Ces [pré]noms qui pèsent trop lourd
La semaine dernière, je regardais pour la deuxième fois cet excellent film intitulé Le Prénom dans lequel des amis se disputent parce que l’un d’eux prétend vouloir, appeler son fils « Adolf », comme Hitler. Les autres ne conçoivent pas qu’on puisse donner à un enfant le prénom d’un tel personnage, à cause des crimes qu’il a commis. Le problème soulevé dans le film, s’il peut apparaître banal à certains, est pourtant d’une importance capitale. Et ça, nos parents, même les jeunes parents, ne semblent pas encore l’avoir compris ici en Afrique.
Observez autour de vous, vous vous en rendrez compte : les prénoms que porte la grande majorité d’entre nous n’ont aucun lien avec le continent. La plupart du temps, on se base sur les personnages de séries télévisées, quelquefois sur les personnages de romans, mais beaucoup plus sur les livres saints, pour attribuer des prénoms à notre progéniture.
L’autre constat que vous pouvez faire, c’est que les prénoms sont plus utilisés que les noms. D’ailleurs, certaines personnes mettent tout en œuvre pour que personne ne sache jamais leurs noms « africains ».
Il y a plusieurs années, j’étais encore très jeune, il suffisait d’appeler un aîné par son « nom du village » pour recevoir de lui une correction à la hauteur de l’offense. Et quand c’était un grand frère qui insultait sont petit frère en l’appelant par son nom, la plainte était vite portée au niveau des parents qui interdisaient immédiatement que l’injure fût répétée.
De plus en plus, on voit des Africains changer l’ordre de leurs noms. C’est désormais le prénom qui vient en premier – contrairement à ce qui est inscrit dans les actes de naissance. Juste pour imiter le modèle européen. Dans les émissions à la télévision, sur les mémoires et les thèses, dans les journaux, ce ne sera jamais écrit Biya Paul, Fame Ndongo Jacques, mais toujours Paul Biya ou Jacques Fame Ndongo…
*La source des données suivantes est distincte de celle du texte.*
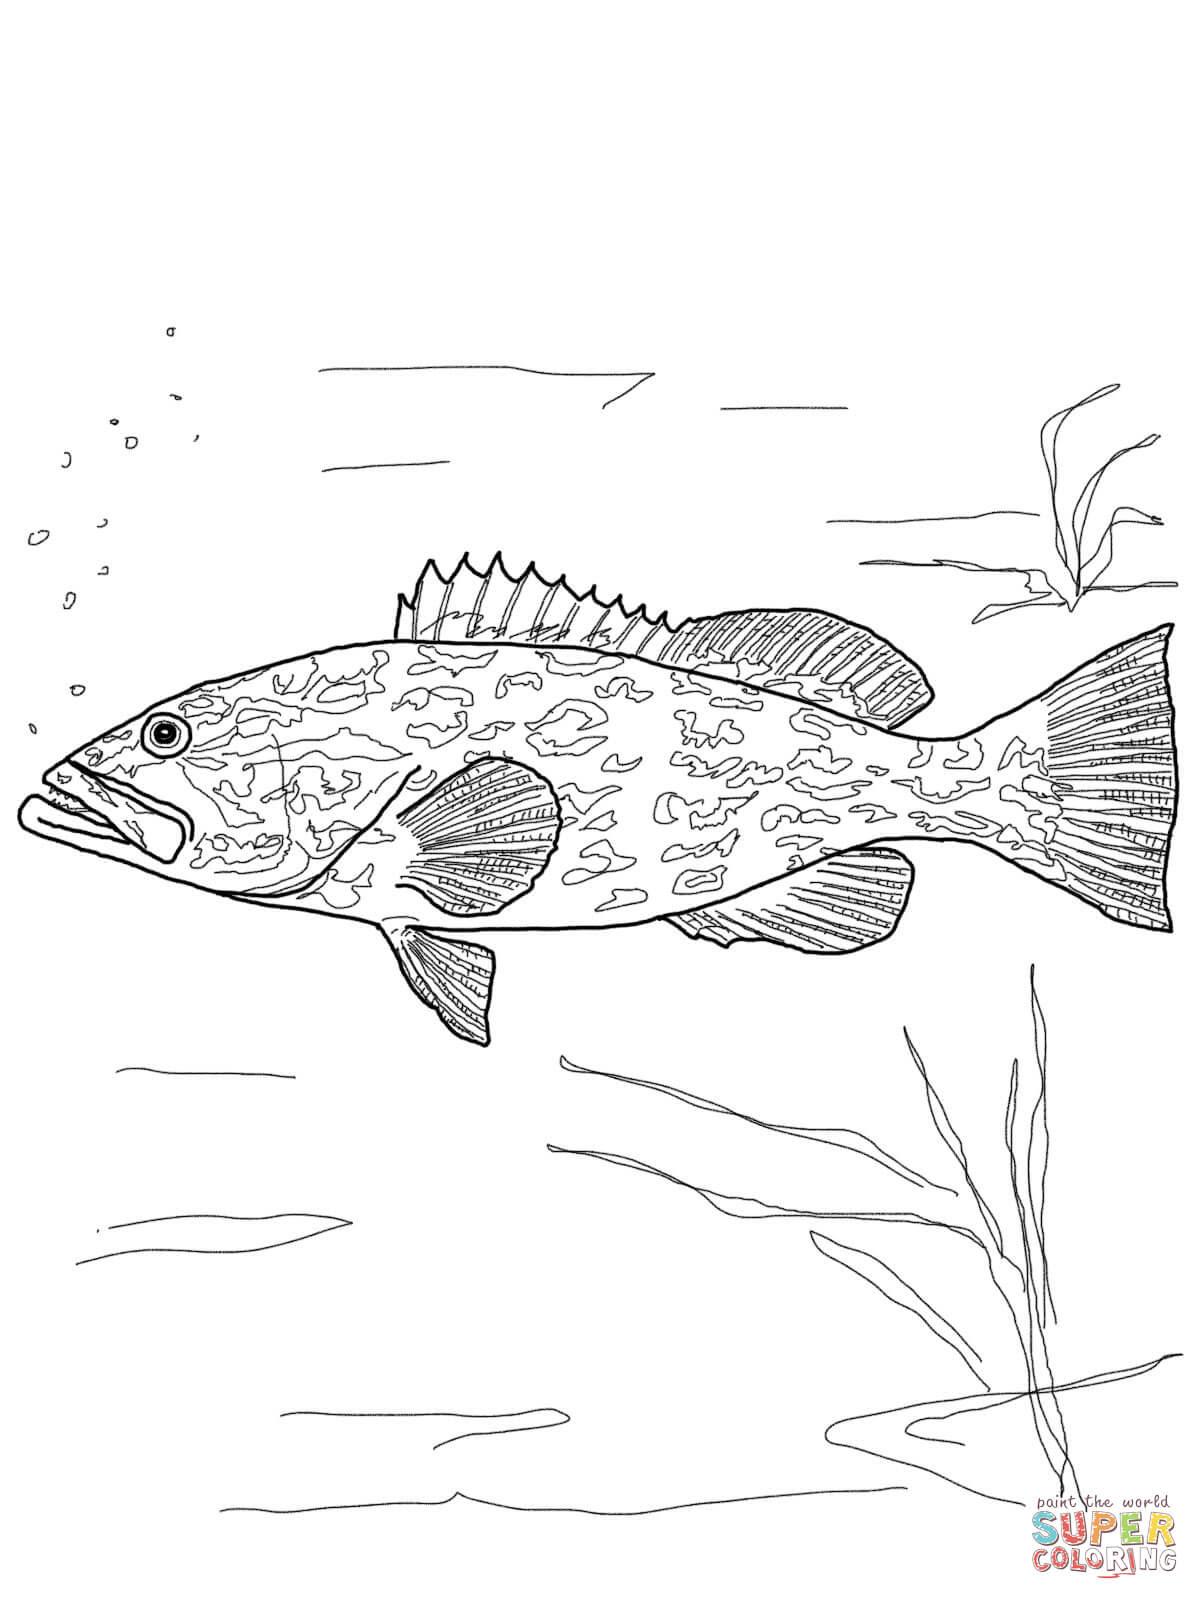 Yellowfin Tuna Drawing at GetDrawings | Free download
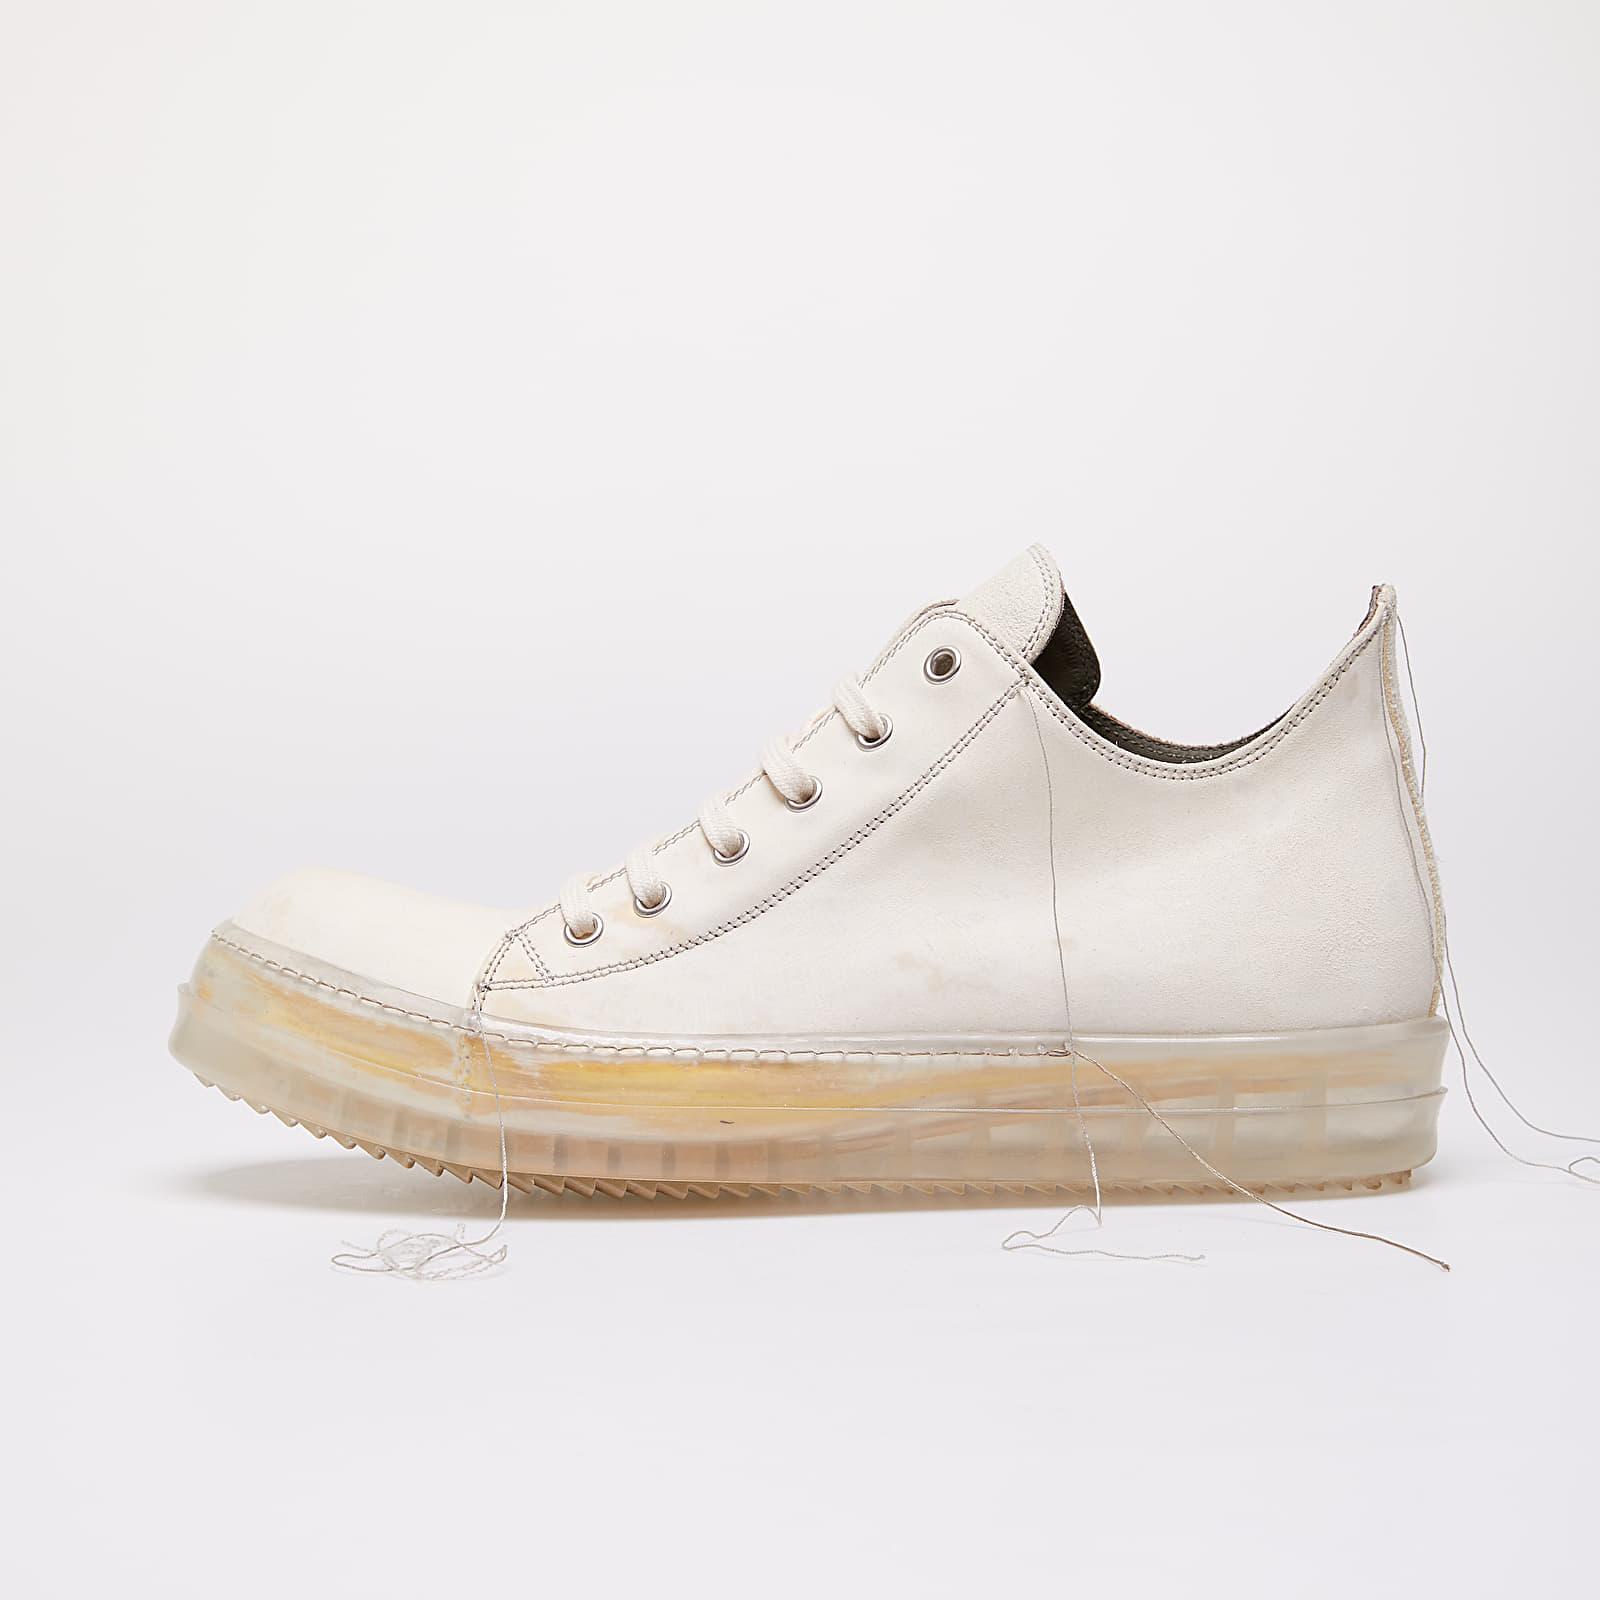 Rick Owens No Cap Low Sneakers

On ne s’en rend parfois pas compte, mais l’aliénation culturelle passe également par les noms qu’on donne à nos enfants. A cause de la tendance que nous avons à leur donner toujours des prénoms étrangers, lesquels prénoms sont plus utilisés que les noms, les enfants finissent par détester leurs noms qu’ils cachent soigneusement. En le faisant, c’est leur identité, leur culture qu’ils rejettent au profit de celle des autres. Dans certains cas, la tentative de dissimulation de cette identité désormais considérée comme une insulte ou un boulet, passe par le rejet de la langue maternelle et l’adoption de la langue officielle pour tous les échanges.
Pourquoi faut-il toujours emprunter aux autres cultures ce que nous avons en abondance chez nous ? Nous avons suffisamment de noms, de beaux noms, des noms pleins de signification chez nous. Nous avons plein de héros, de grands hommes, de reines illustres, de guerriers invincibles. Nous avons tout cela en Afrique.

Pourquoi donc délaisser ces noms-là, pour affubler nos enfants de noms bibliques, eux qui ne seront peut-être jamais chrétiens ? Pourquoi choisir pour nos enfants des noms étrangers alors qu’ils – nos enfants – sont Africains ? Qui portera nos noms si nous ne le faisons pas déjà nous-mêmes ?
Si nous, Africains, tenons à développer notre identité culturelle et encourager les enfants d’Afrique à être fiers de ce qu’ils sont – de ce qu’ils devraient être -, il est impératif que les noms et prénoms que ces derniers portent, eux aussi, soient des manifestations de cette identité, comme c’est le cas dans la plupart des cultures.